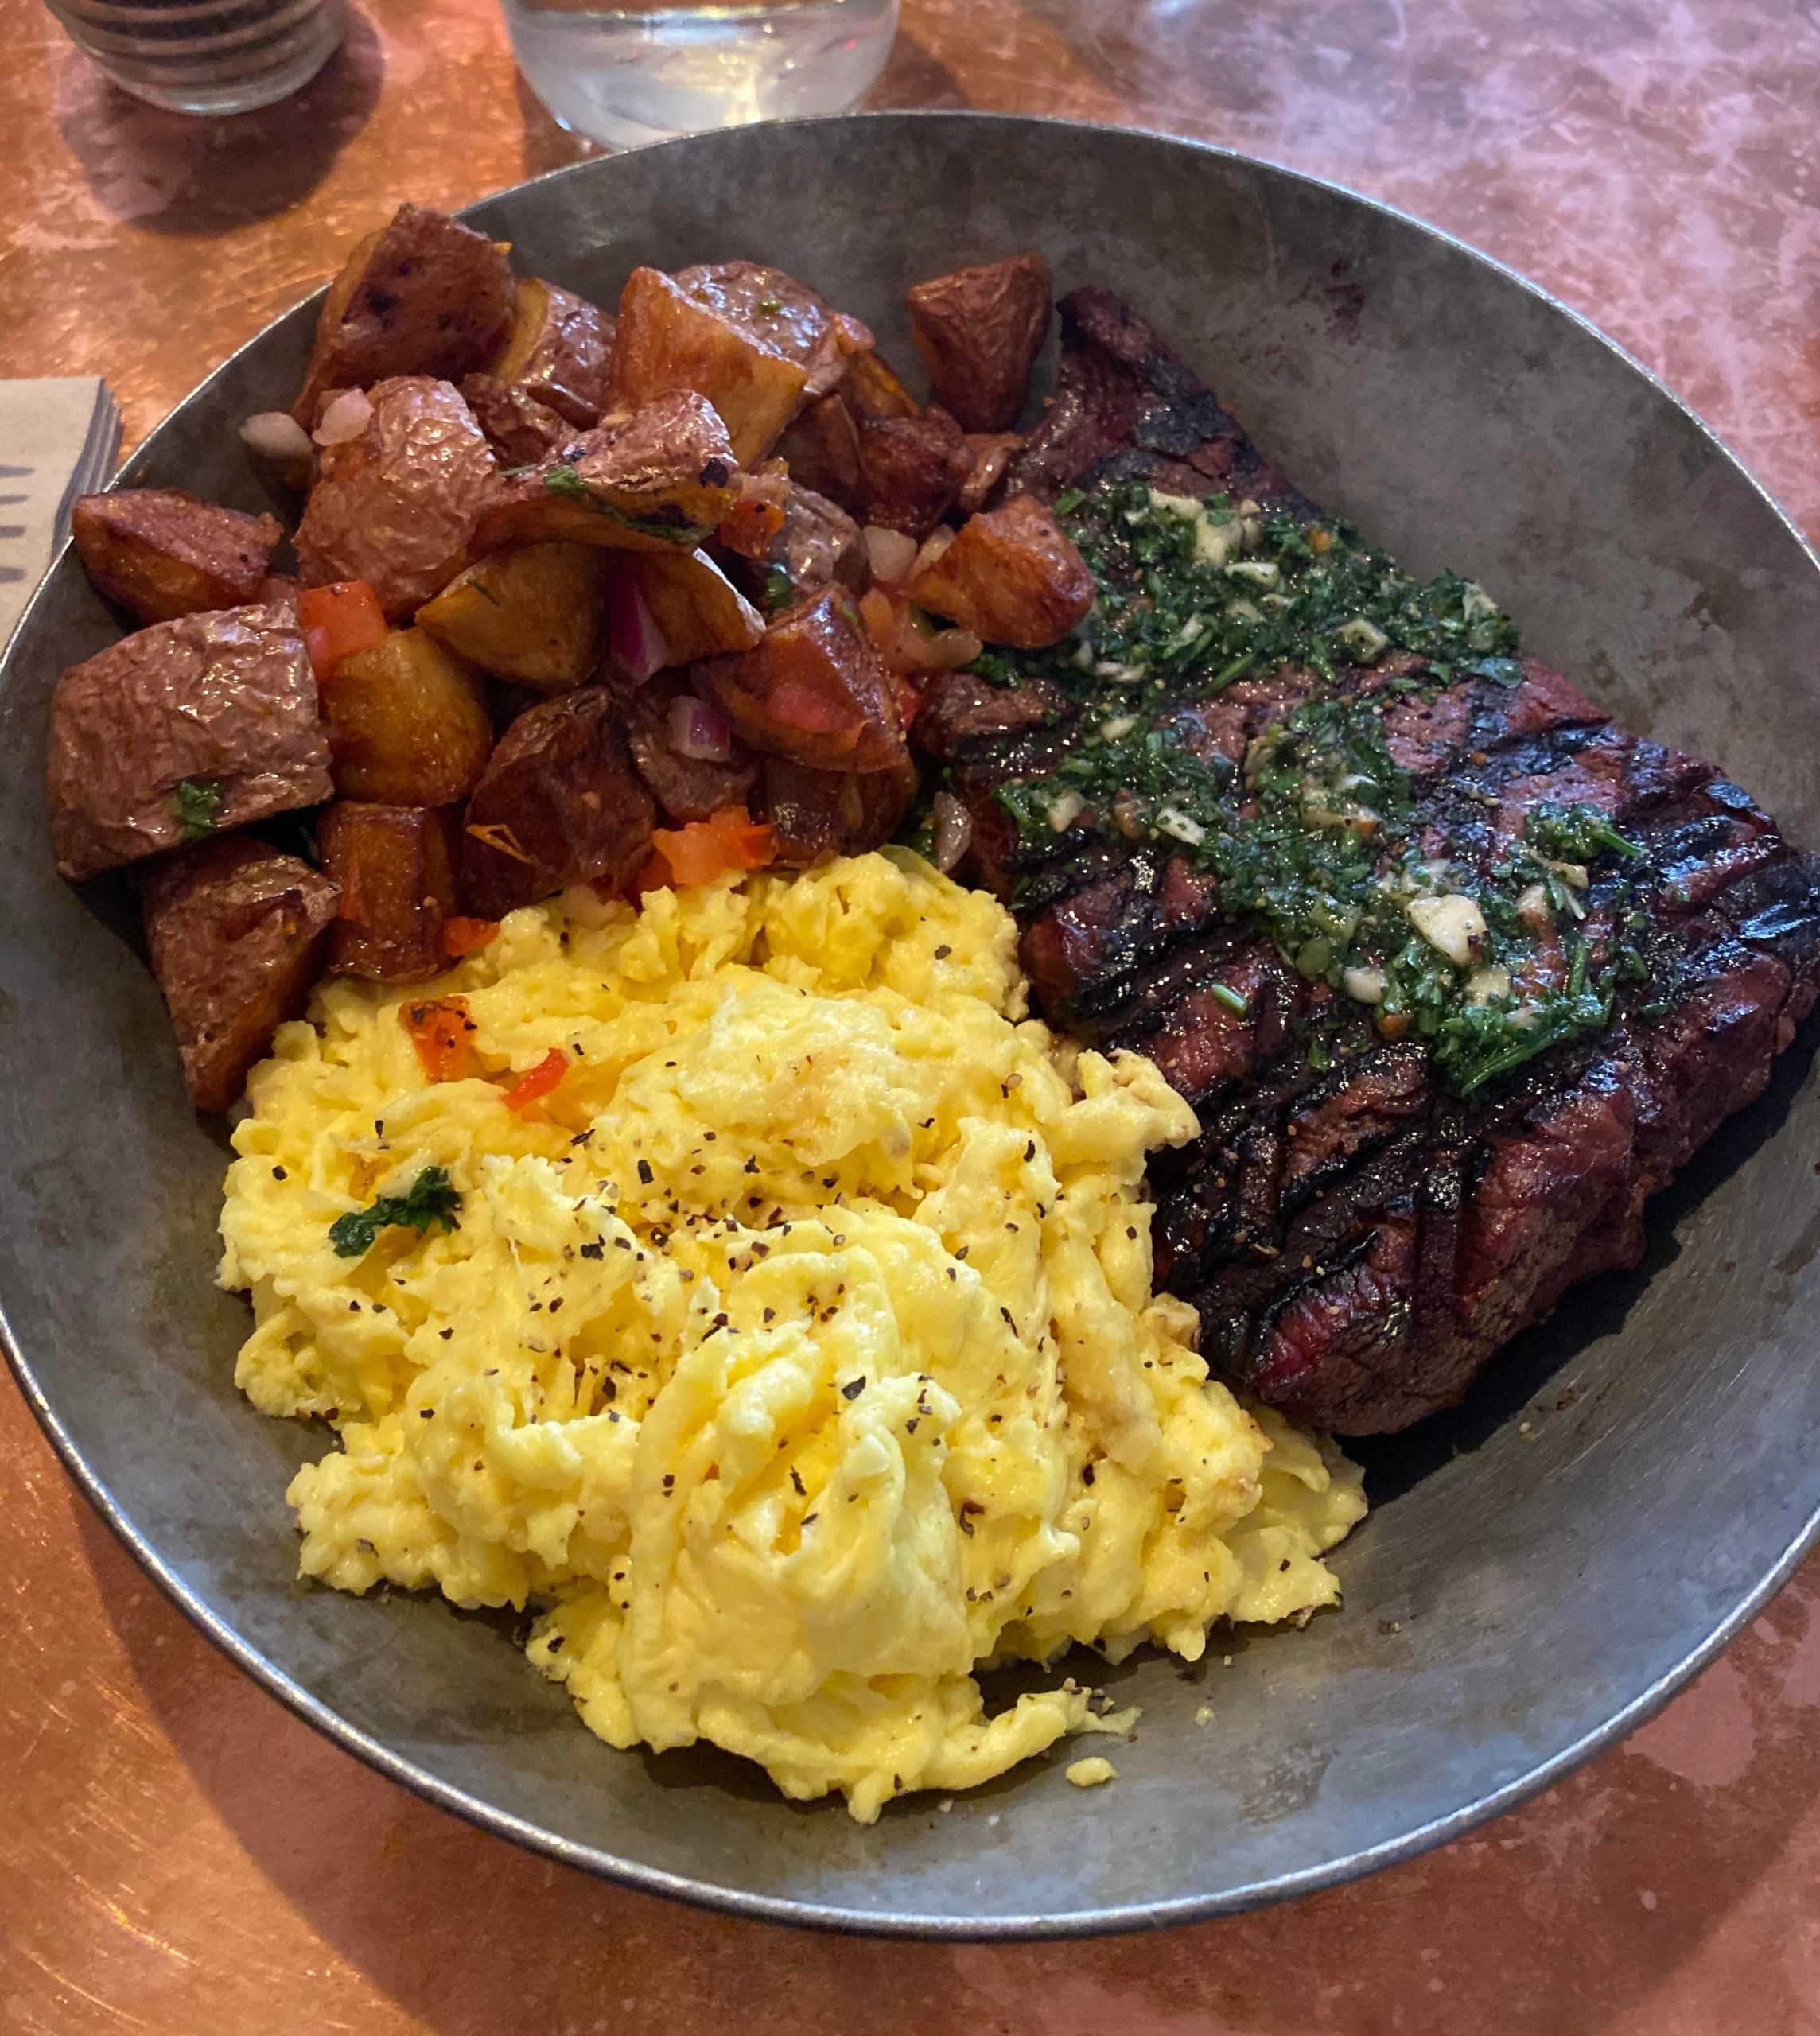 Steak and eggs in Las Vegas! : BreakfastFood
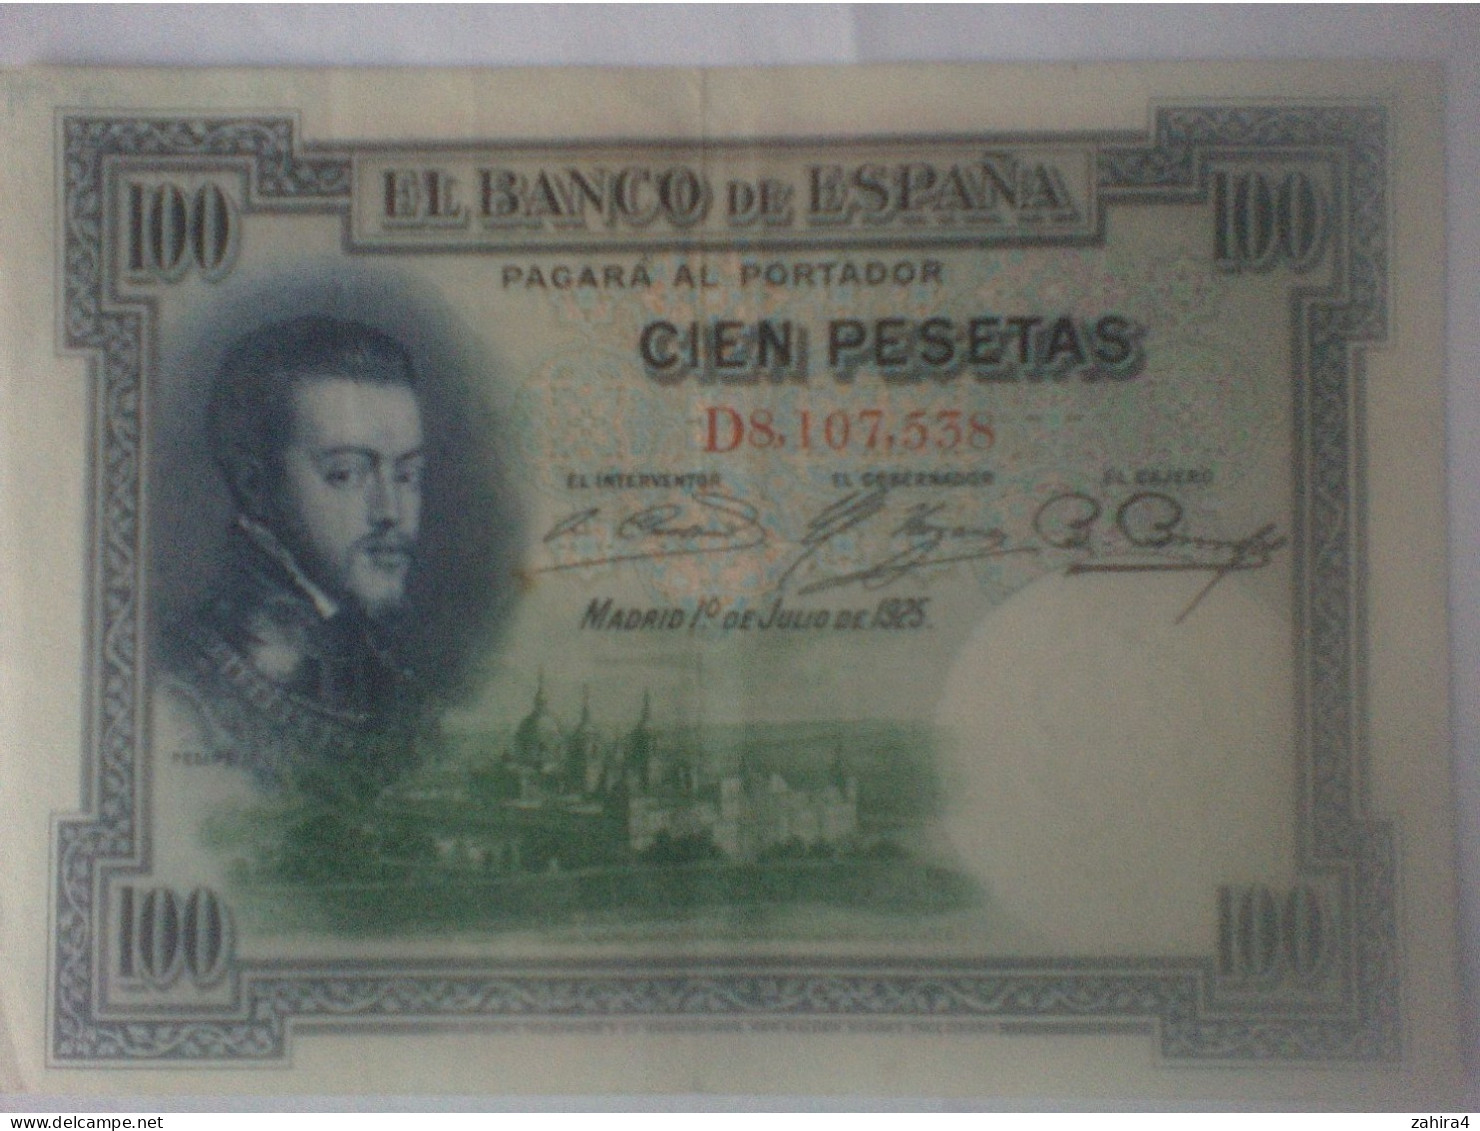 Felipe II - 100 Pesetas - Madrid 1° Julio 1925 - D8,107,538 - 100 Pesetas
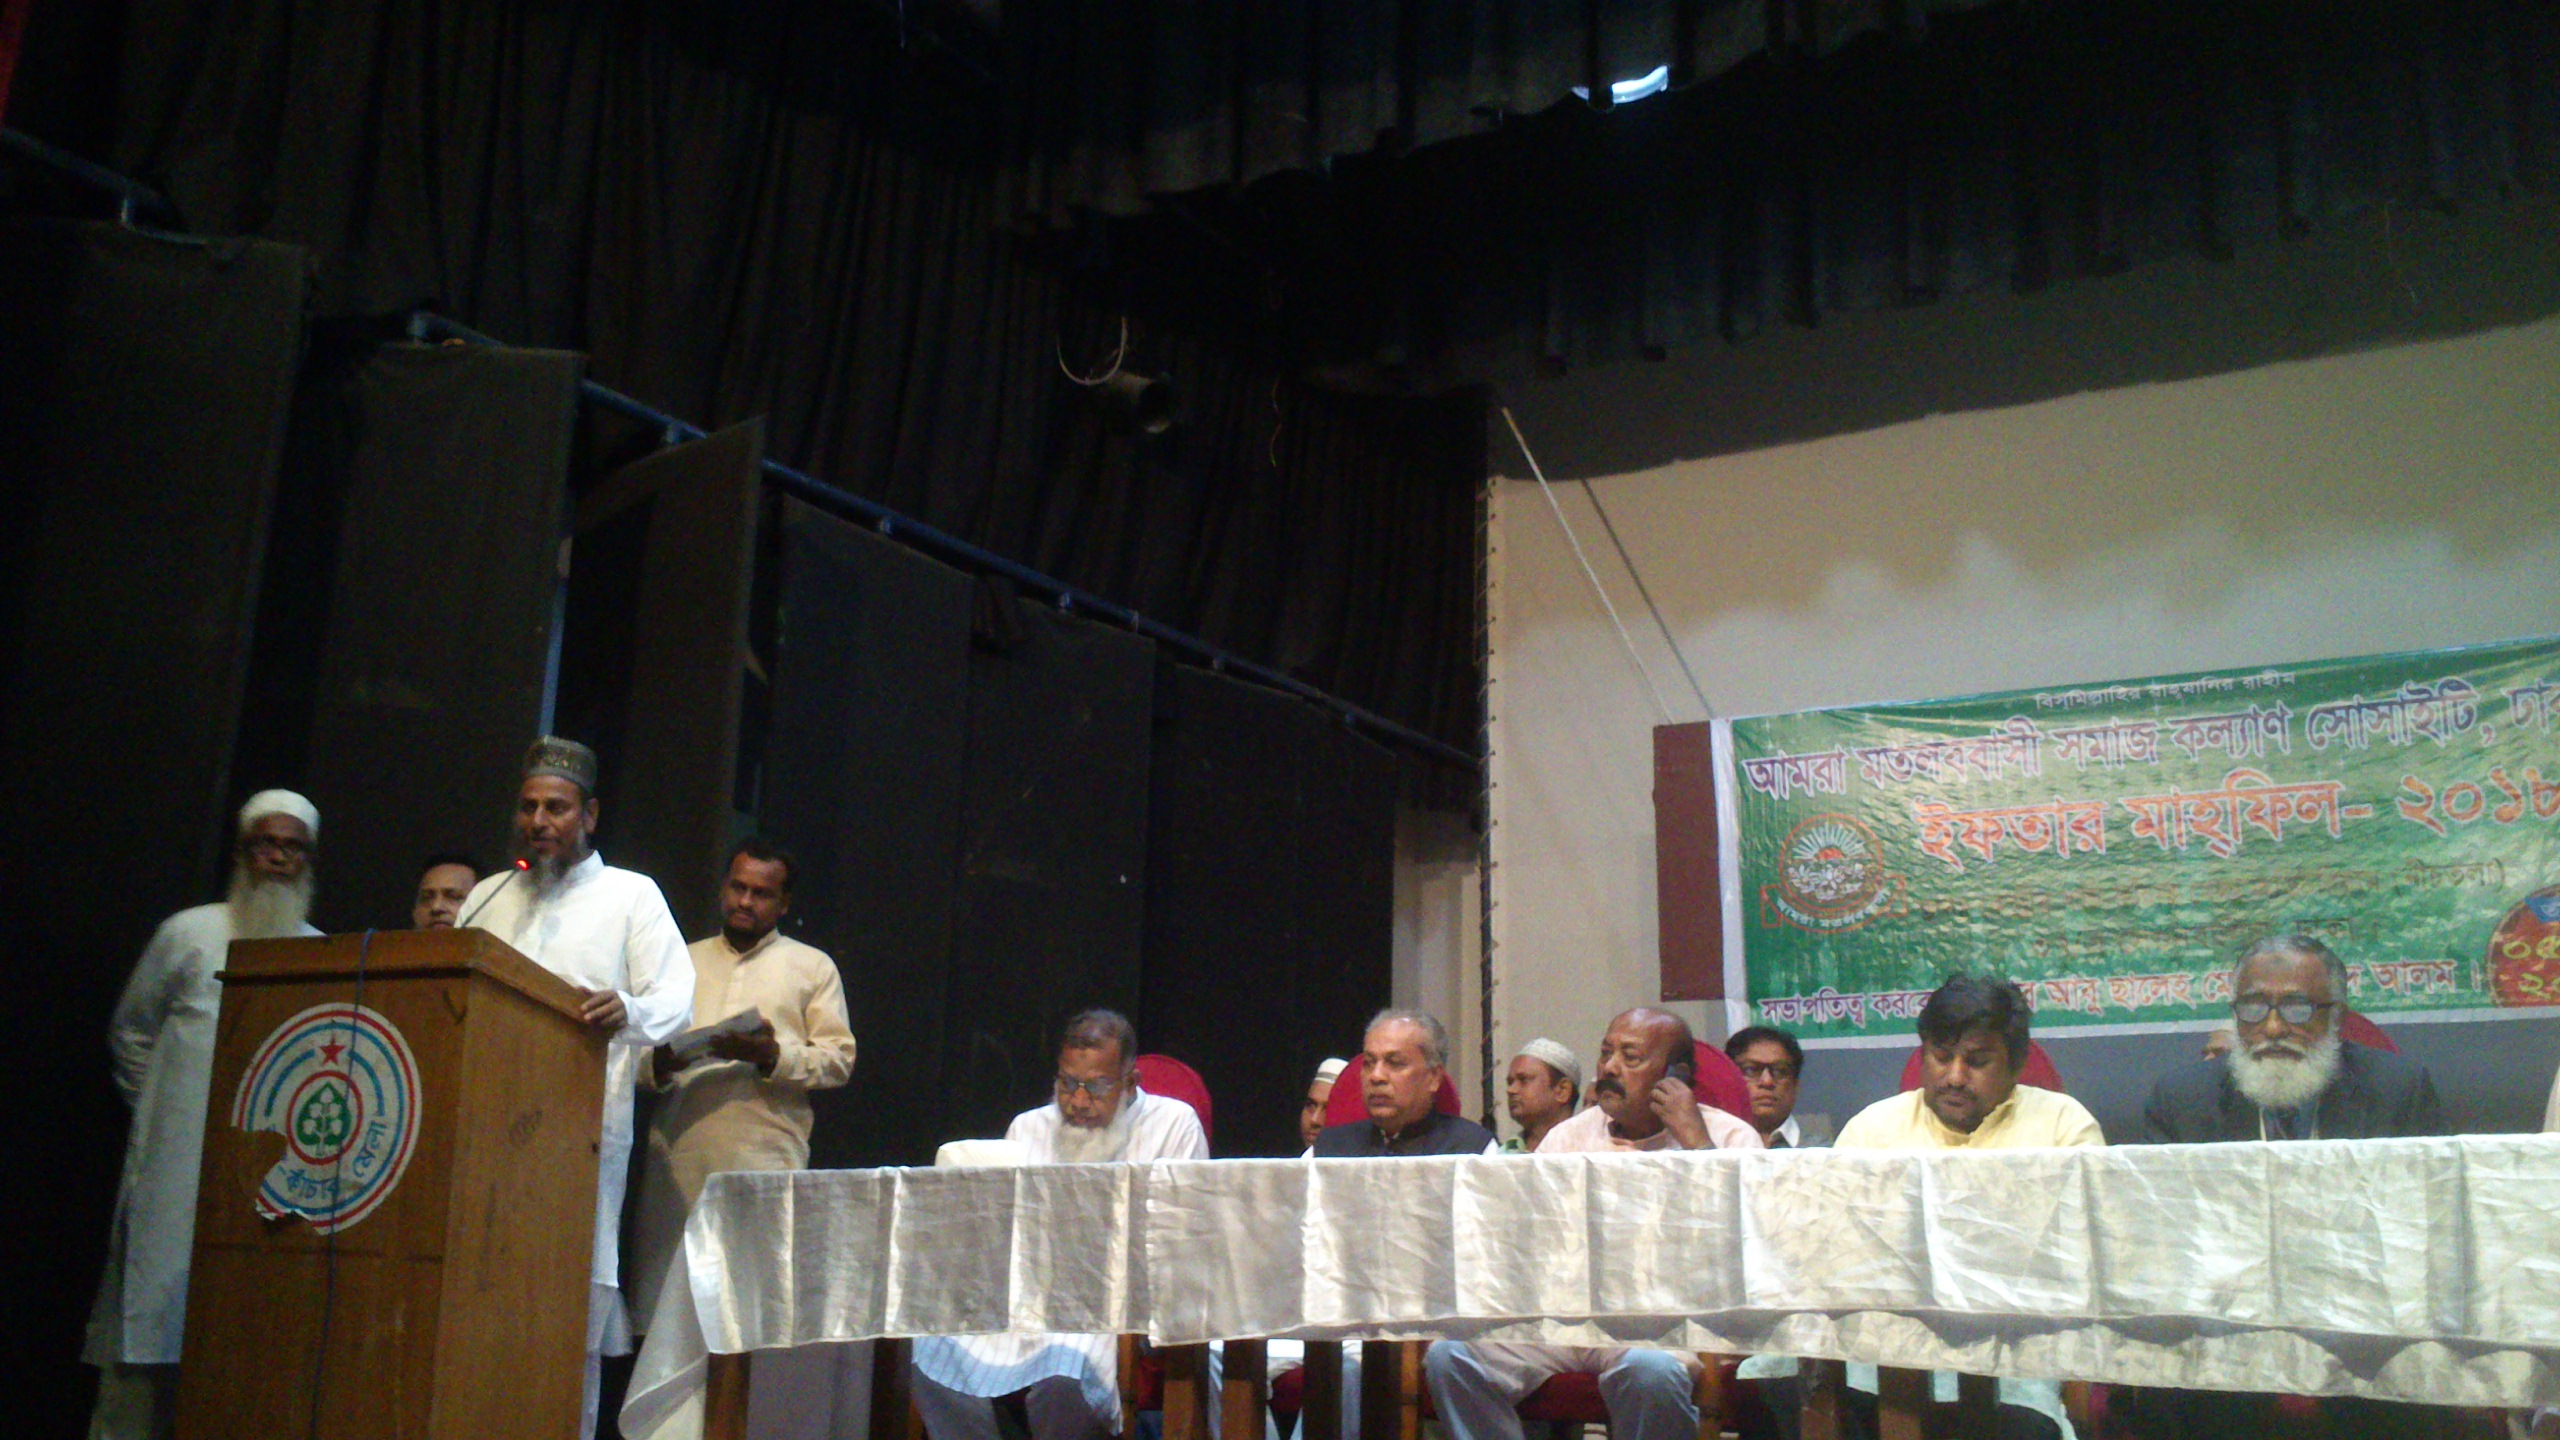 আমরা মতলববাসি সমাজ কল্যান সোসাইটি, ঢাকা এর উদ্যোগে ইফতার মাহফিল অনুষ্ঠিত

__Problem requirements__.
The data above should be returned in full, exactly as written, apart from its images.

__Output for this task__.
 Steak and eggs in Las Vegas! : BreakfastFood
 Felipe II - 100 Pesetas - Madrid 1° Julio 1925 - D8,107,538 - 100 Pesetas
 আমরা মতলববাসি সমাজ কল্যান সোসাইটি, ঢাকা এর উদ্যোগে ইফতার মাহফিল অনুষ্ঠিত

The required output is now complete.